My stomach has been insane lately. I feel like there's another person inside of me needing food, but I have known for a long time that's biologically impossible. A side effect of having another person inside of me (even if he is imaginary): I get super hungry every three hours. I could eat an entire pizza, a salad, and three glasses of coke, and, like clockwork, my stomach would start its moaning again three hours later. For example, the only reason I'm awake at 1:54 AM on Thanksgiving morning is my stomach. I ate half of a box of graham crackers (shh don't tell my grandmother) and drank some apple cider and I'm not sure that will last me until I fall asleep.
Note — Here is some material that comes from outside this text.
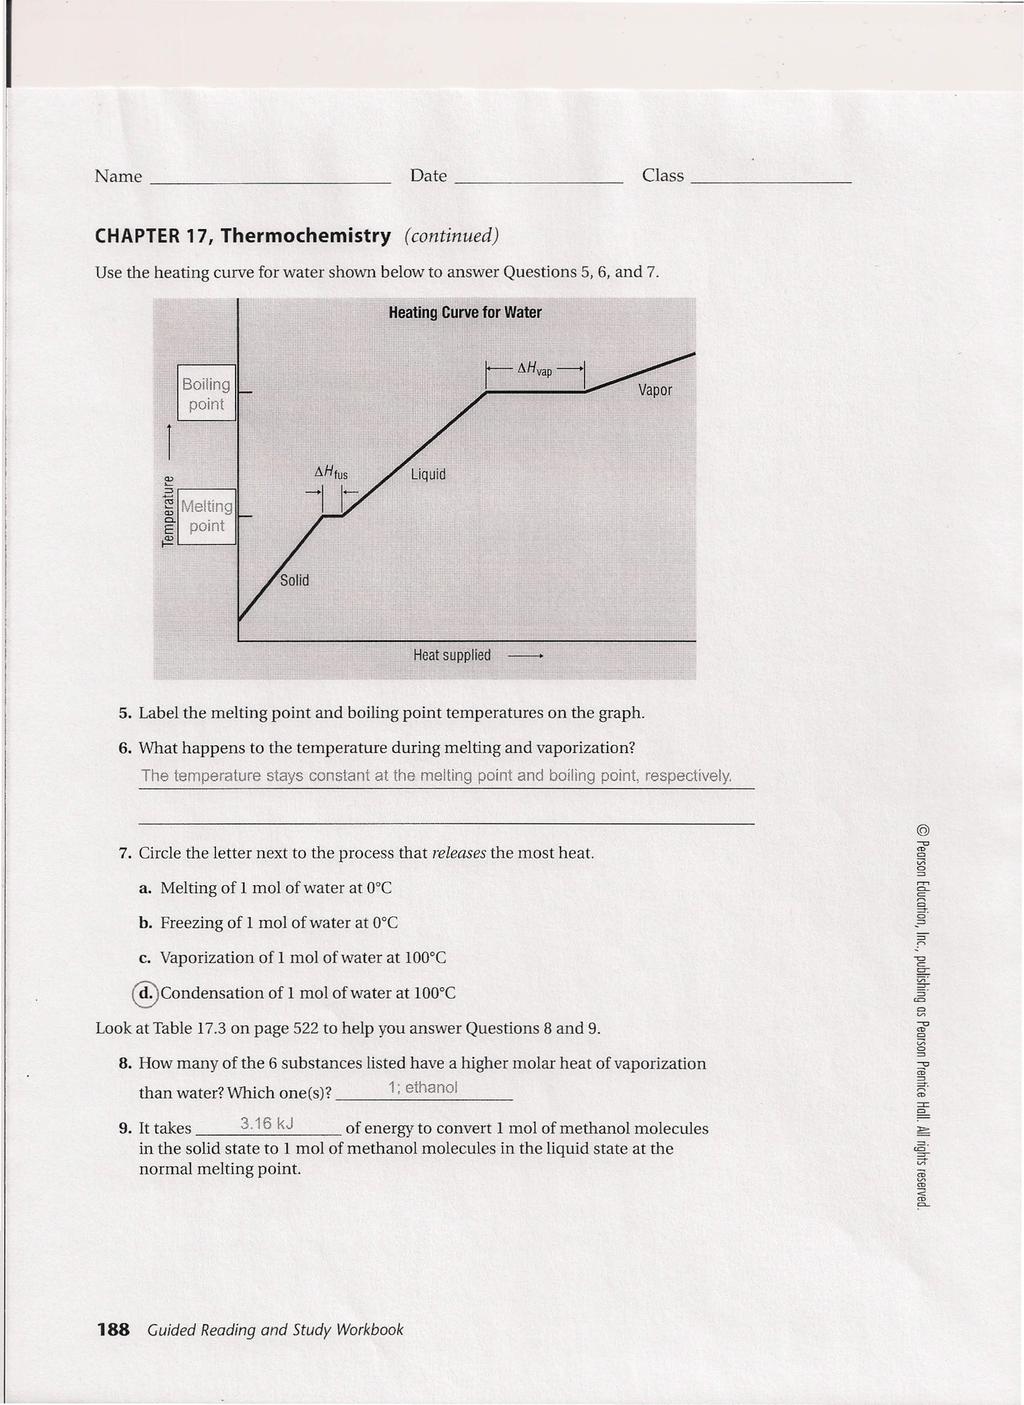 CHAPTER 17, Thermochemistry (continued) Use the heating curve for water shown below to answer Questions 5,6, and 7.

Tomorrow I will try to remedy my sad disorder. I am going to eat at least a quarter of my weight in turkey, stuffing, cranberry sauce, sweet potatoes, mashed potatoes, various salads, apple pie, pumpkin pie, birthday cake, and whatever else my food-crazy family cooks up (I am VERY thankful for my food-crazy family). And I will thoroughly enjoy every moment. However, while I'm supplying my "needy" stomach, I'll remember everything I have for which to thank God. Two trips to Guatemala and one to Kenya have shown me just how fortunate I am to be where I am, with people who love me and a country ready to throw opportunities at me. Thank God for democracy, family, friends, and food. There's one poor family in Guatemala that will probably eat on thanksgiving because they now have a kitchen which I helped build. I'm so blessed and privileged to have helped people.
Have a wonderful Thanksgiving. Remember all that you have, and find out how you can give to those who don't have.